Le temps, c'est également celui de la résidence, un contexte de création que privilégie souvent Arno Brignon. Arraché de ses obligations quotidiennes mais également de sa zone de confort, l'artiste a l'opportunité d'y devenir le flâneur, le parfait observateur d'un territoire dont il se détache pour mieux l’analyser, dont parlent Baudelaire dans Les fleurs du mal et Walter Benjamin après lui dans Les Passages.
Enfin, le temps, c'est également celui qui imprègnent certains lieux. La série La Falgarié (2017) retrace les derniers moments d'un complexe HLM peu à peu déserté, dans l'attente d'une réhabilitation urbanistique. Le quartier n'est plus animé que d'un mouvement extrêmement ralenti, perçu comme stoppé, avant même que l'obturateur ne se referme sur lui. Pour Dans les murs (2018), l'artiste a enduit les parois du vieil hôpital de Lectoure d'un produit photosensible permettant de faire apparaître provisoirement le portrait des habitants pris à la chambre.

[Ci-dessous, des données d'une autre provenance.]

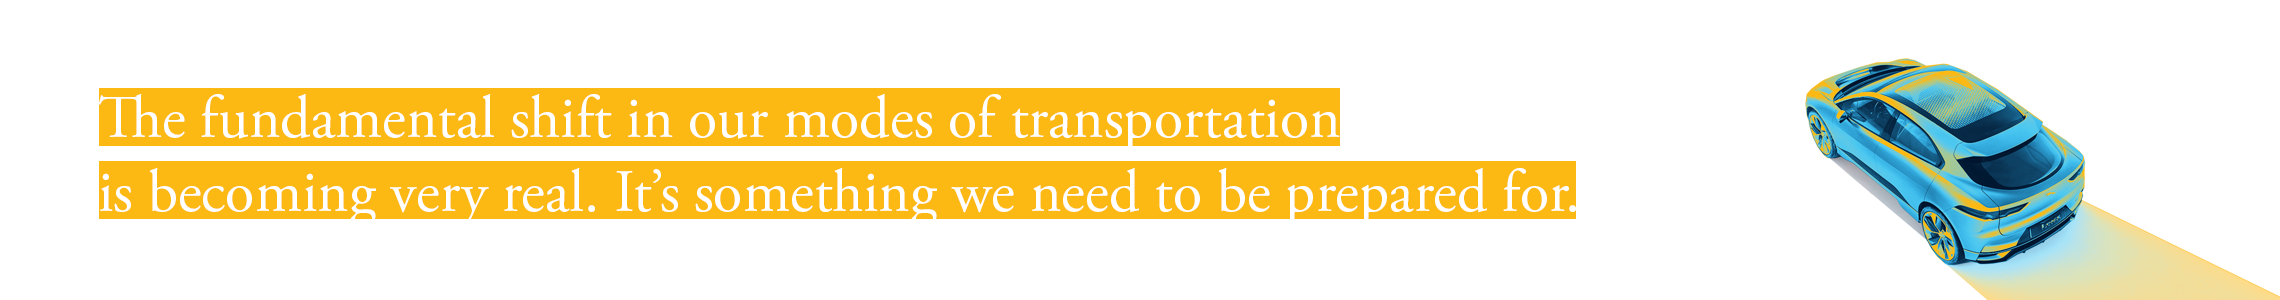 evbox manifesto electric mobility quote
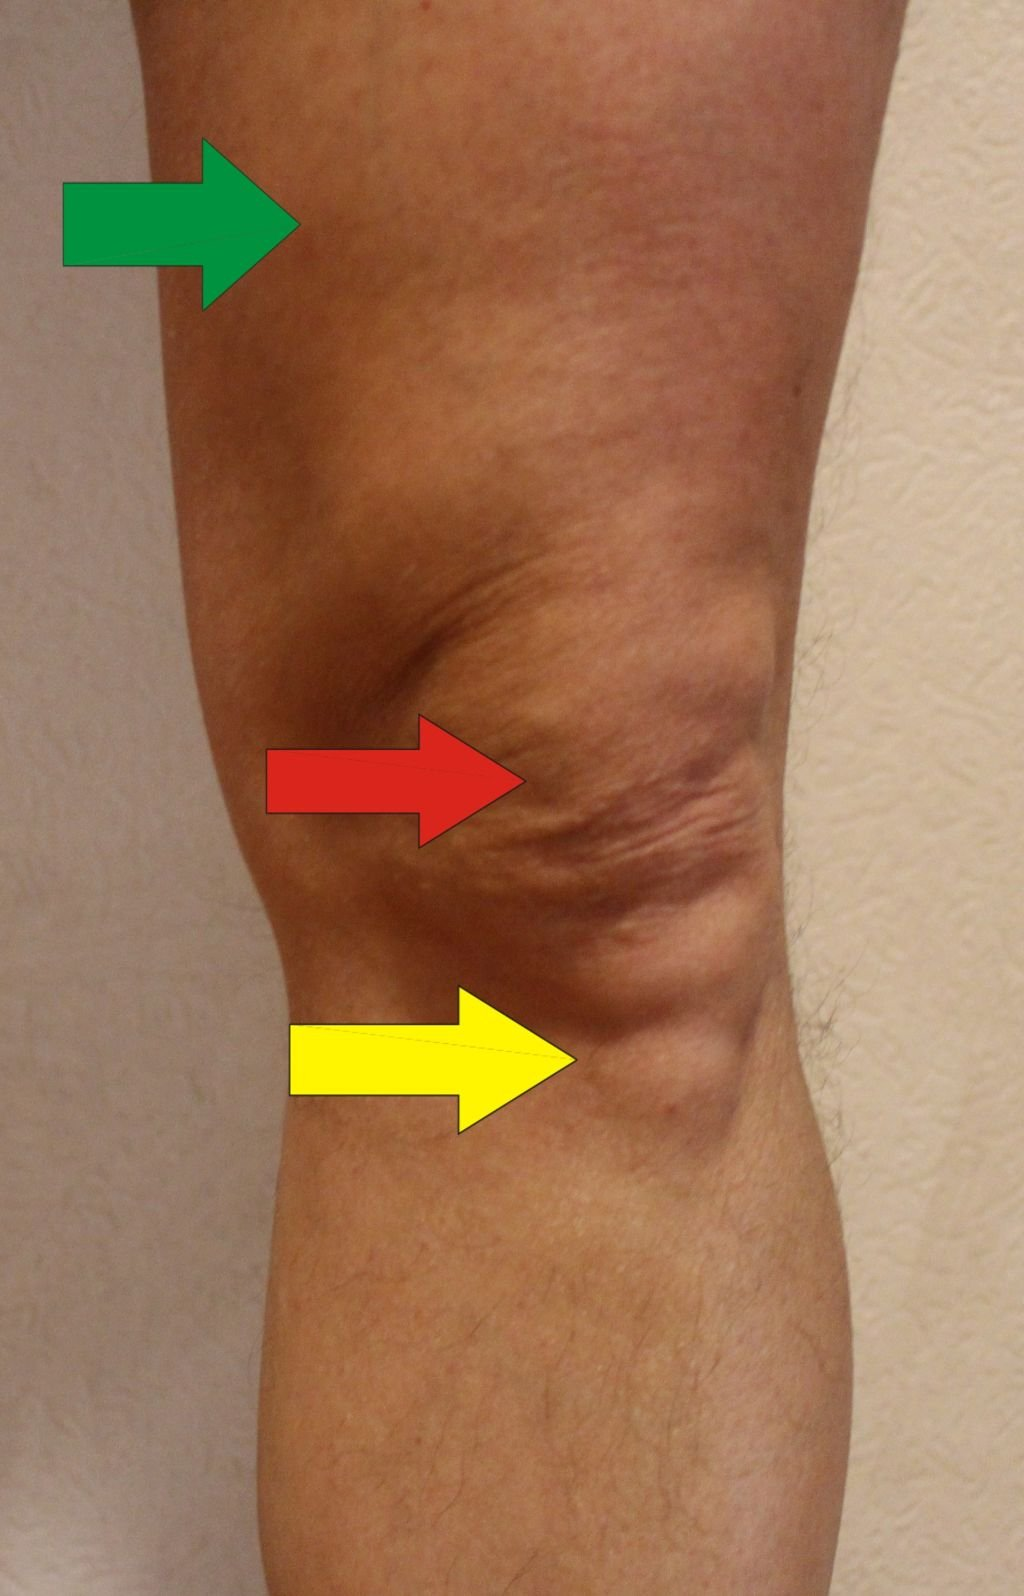 atherosklerose becken bein op

Au-delà du temps, il y a dans le travail d'Arno Brignon une expérimentation de la matérialité de la photographie. L'artiste engendre des re-présentations qui se donnent à saisir comme telles. Si l'invention de la perspective en peinture, perfectionnée par l'usage de la camera obscura, puis la découverte de la photographie ont constitué des promesses d'une expérience toujours plus immédiate, plus authentique, plus transparente du réel, chez l'artiste, il s'agit d'assumer les diverses mutations comme le passage du volume à la deux dimensions et le changement d'échelle qui font que l'image photographique n'est jamais un duplicata exact de la réalité. Ainsi le recours répété au noir et blanc, le grain omniprésent, les accidents et les flous précieusement conservés rappellent que ce que nous voyons n'est en aucun cas ce que nous aurions pu voir lors de la prise de vues. Ici, la photographie ne simule pas une fenêtre ouverte pour laisser apparaître le réel. Au contraire, elle s'affirme comme medium et donc comme intermédiaire entre le modèle, l'artiste et le spectateur. Elle maintient le sujet à une certaine distance, si bien qu'il n'y a jamais de voyeurisme, d’indiscrétion, de dévoilement narcissique, mais une sorte d'équilibre, de respect, de douceur aussi... Par exemple, quand il photographie le Pas de la Case, dont l'existence est justifiée par un statut géopolitique autorisant à bâtir de la richesse en dehors des cadres législatifs habituels, Arno Brignon se garde de confirmer notre perception stéréotypée qui envisage ce territoire comme un immense supermarché. Bien que quelques devantures de magasins soient visibles, il substitue aux néons des enseignes et aux rayonnages surchargés de produits détaxés, la lumière tamisée d'une salle de billard, l'obscurité de la ruelle qui borde un hôtel, la brume sur la station de ski désertée et restitue ainsi l'ambiguïté de cet espace frontalier. Il n'est pas rare que les choses photographiées soient déjà des images du réel : des reflets dans le miroir, dans une vitre, dans une flaque d'eau provoquant une nouvelle mise à distance.

Ainsi le travail d'Arno Brignon se constitue-t-il de rencontres avec un territoire, avec des habitants, avec ses proches, et les flous et les accidents présents dans ses images témoignent paradoxalement de son attachement à ajuster la focale, à chercher le juste espacement.